1. Aug 19, 2008

### gigli

1. The problem statement, all variables and given/known data
A light ray enters the plastic block in the illustration at an angle of 33.0° and then exits the opposite side. The long side of the block has a length of 0.670 m and its index of refraction is 1.70. For how much time is the light ray inside the block?

https://www.physicsforums.com/attachment.php?attachmentid=15094&stc=1&d=1219187822

2. Relevant equations
Snell's law:
nisin$$\theta$$i=nrsin$$\theta$$r
n=index of refraction
$$\theta$$=incident angle from normal

n plastic=1.70
n air = 1.00

3. The attempt at a solution
According to Snell's law:
(1.70)*sin(33)=(1.00)*sin($$\theta$$)
0.92588636=sin($$\theta$$)
arcsin(0.92588636)=$$\theta$$ = 67.8023923 degrees

And the speed of light is 2.998*10^8 m/s.

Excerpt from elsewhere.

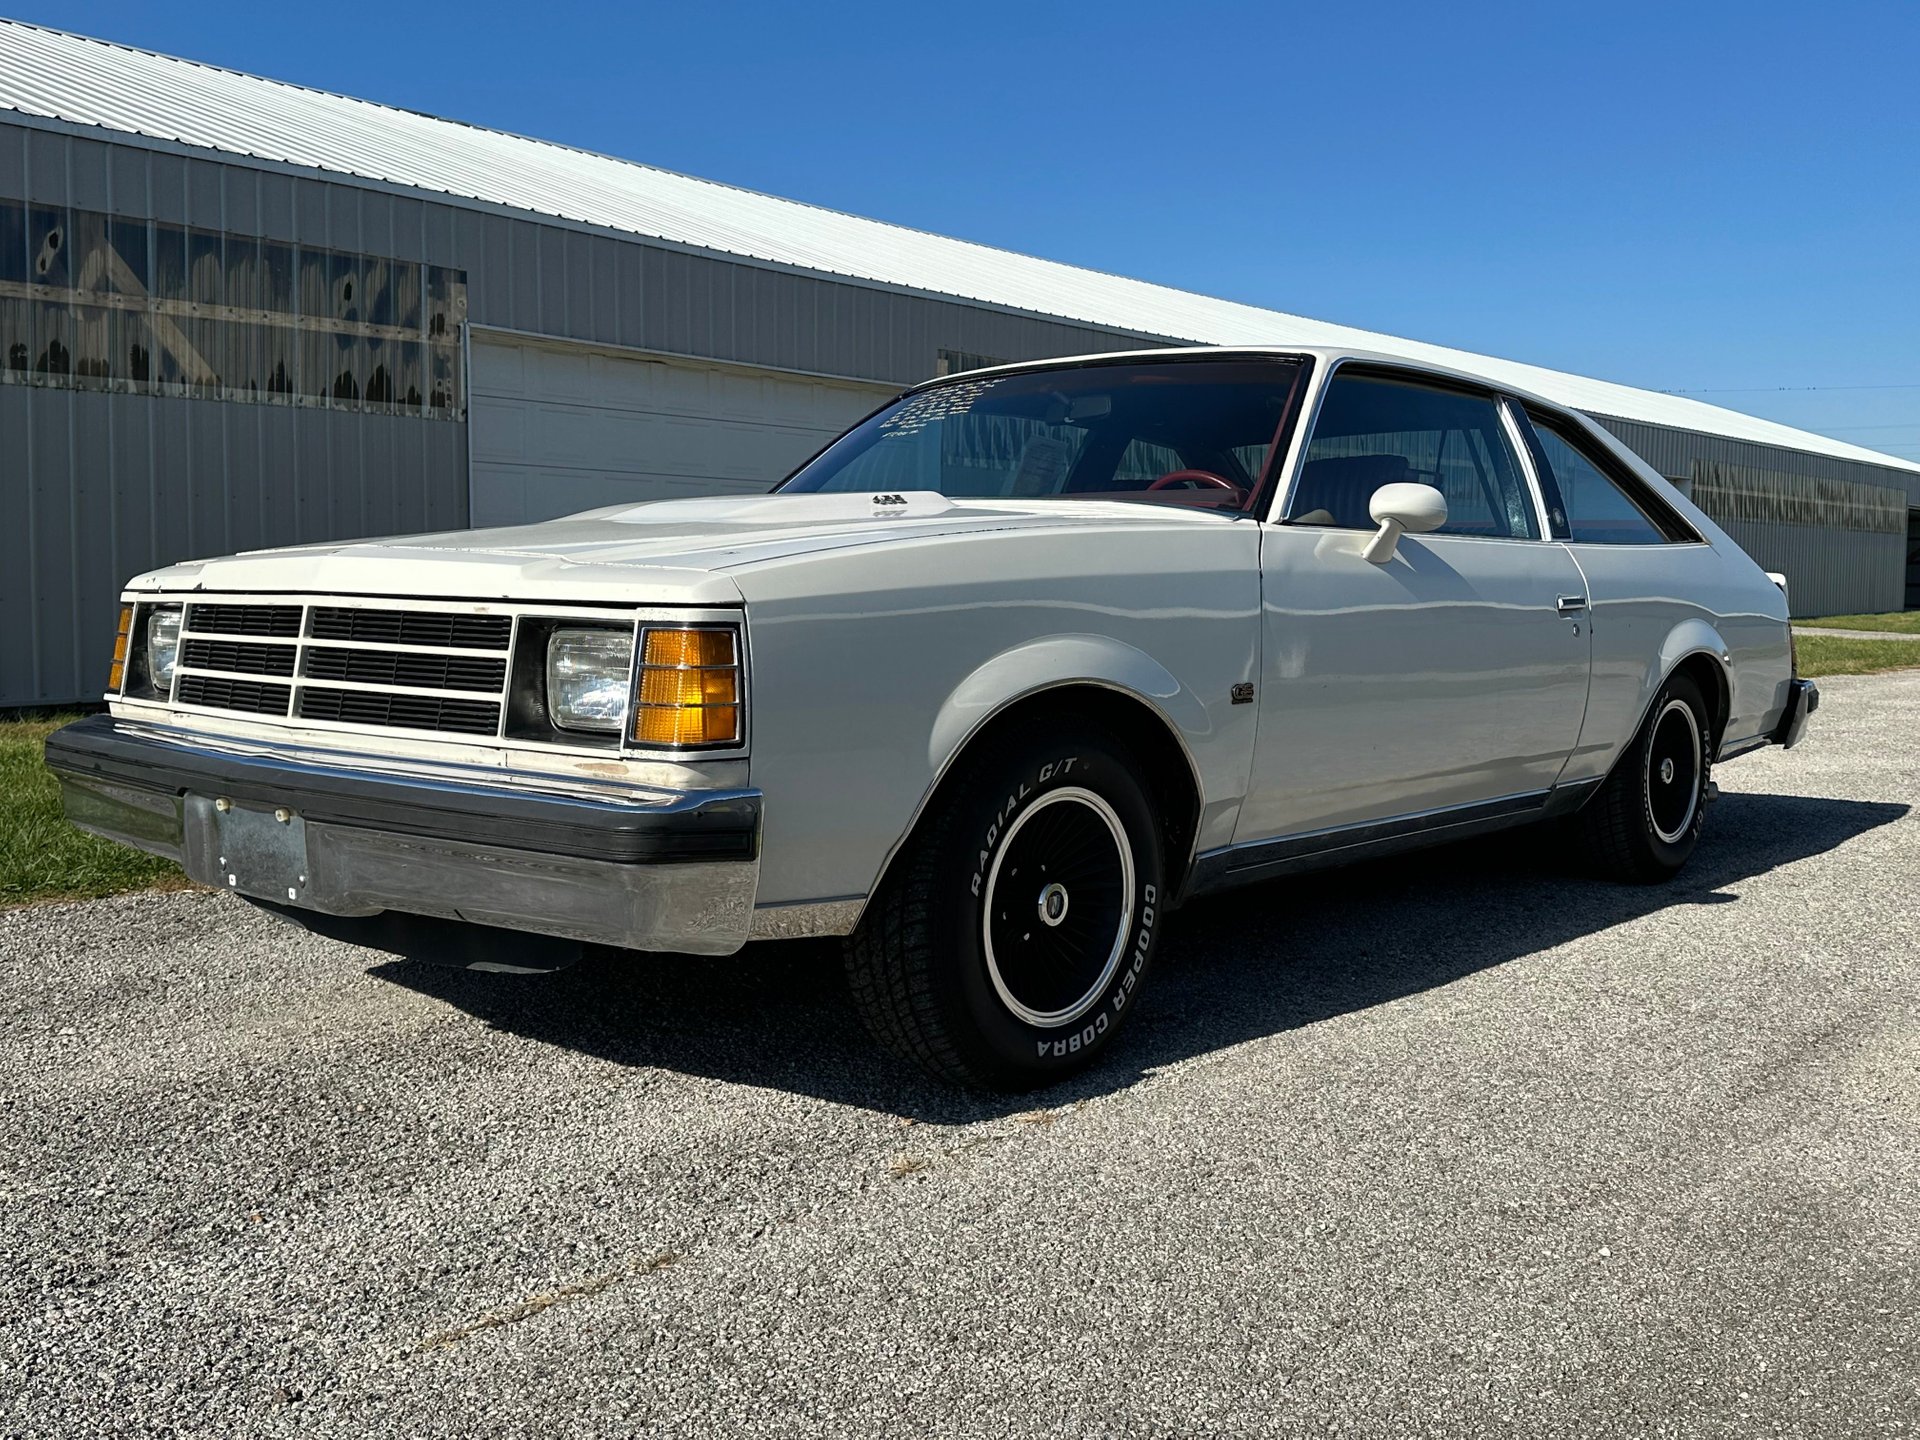 1979 Buick Century | Country Classic Cars

But after that I am not sure where to proceed! Can anyone help me figure this one out?

2. Aug 19, 2008

### G01

You need to know two things to solve this problem.

1. The speed of light in the plastic block.

Do you know how to find this?

2.You need to know the length of the path traveled through the block.

You should be able to find this using the angle obtained from Snell's law and some trigonometry, but I can't say for sure if you don't post the actual figure in question.

3. Aug 19, 2008

### gigli

4. Aug 20, 2008

### gigli

Got it. Speed of light in plastic. Roger. Appreciate it

Last edited: Aug 20, 2008
5. Aug 20, 2008

### alphysicist

The only property you're given about the material is its index of refraction. What is the definition of the index of refraction?